Chesterton lets us see how it was the shepherd, who depended not on science and philosophy to understand the questions of the universe, but on his own imagination and hopes and dreams for answers to the vast unknown-----Who made us and why?
And so it was to the shepherds that the angels appeared bringing tidings of great joy.  The shepherds were keenly aware of the marvelous nature and beauty of creation, spending most of their days outdoors and sleeping under the stars. 
To these men the angel appeared and not to the learned architects and mathematicians of the cities.  It was the shepherds who had the faith to believe in what is not seen and trust in what they knew must be possible.

Luke 2:9-20
“Suddenly, an angel of the Lord appeared to them, and the glory of the Lord shone around them.  They were terror-stricken, but the angel said to them, ‘Do not be afraid, for I bring you good news of great joy for all the people.  For this day in the city of David there has been born to you a Savior who is Christ, the Lord.  This will be a sign for you; you will find an infant wrapped in swaddling clothes and lying in a manger.’  And suddenly there was with the angel a multitude of the heavenly host, praising God and saying, ‘Glory to God in the highest heaven, and on earth peace to all those on whom his favor rests.’

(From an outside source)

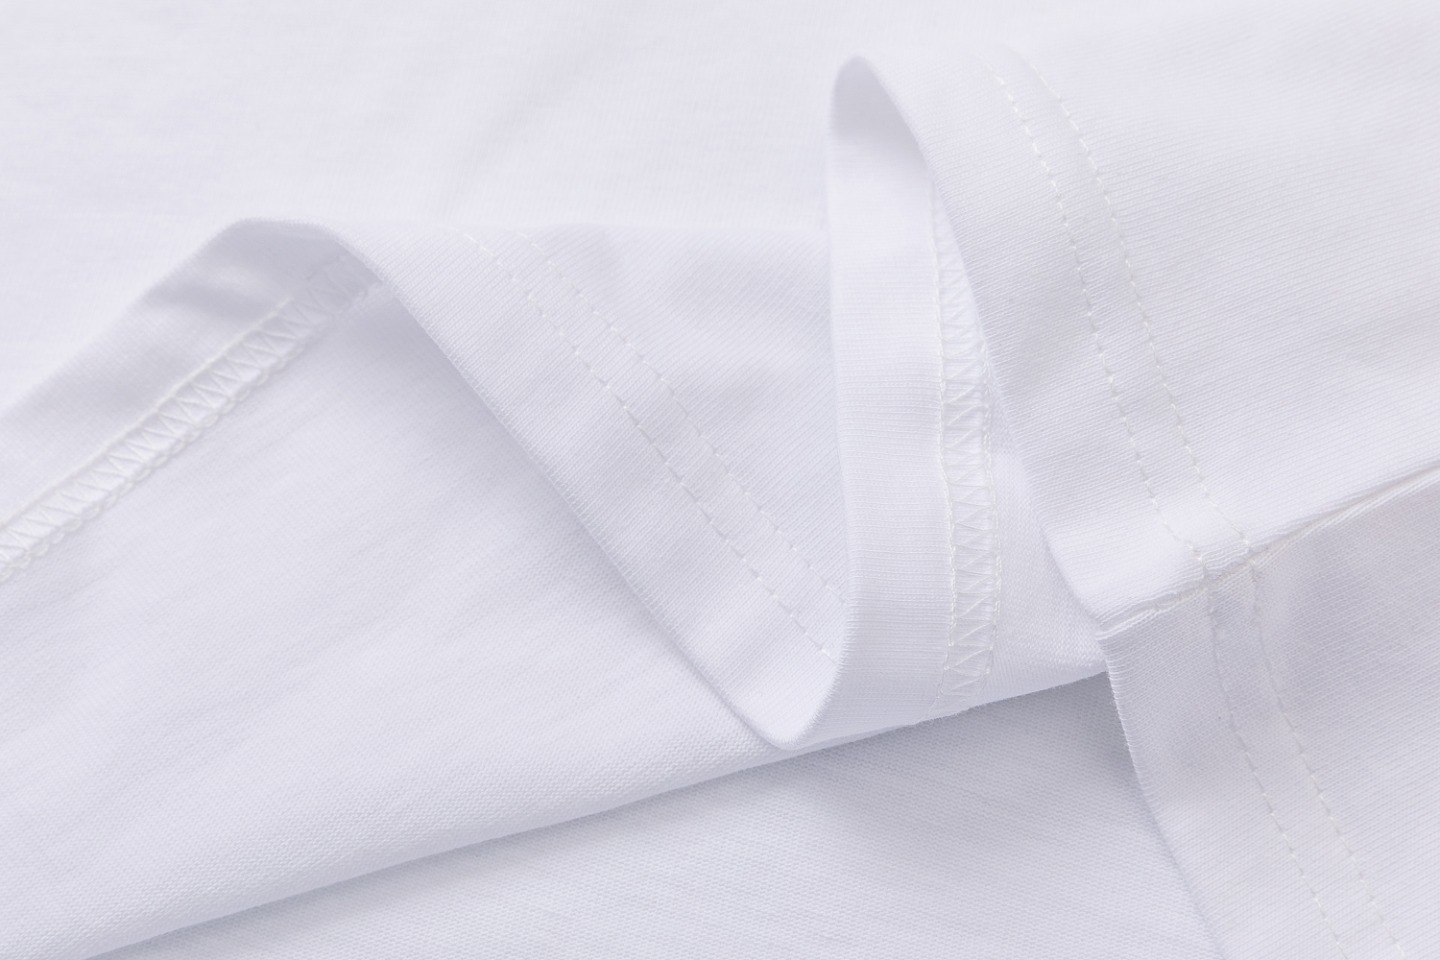 AMIRI 爆買い品質保証 tシャツ 3dモデルスーパーコピー 半袖 柔らかい プリント 純綿 ファッション トップス  2色可選_8

"After the angels had departed from them to heaven, the shepherds said to one another, ‘Come, let us go to Bethlehem to see this thing that has taken place, which the Lord has made known to us.’  And so they set off in haste and found Mary and Joseph, and the baby lying in a manger. 

"When they saw the child, they recounted the message that had been told them about him.  All who heard it were amazed at what the shepherds said to them.  As for Mary, she treasured all these words and pondered them in her heart.  And the shepherds went back, glorifying and praising God for all they had heard and seen, just as they had been told.”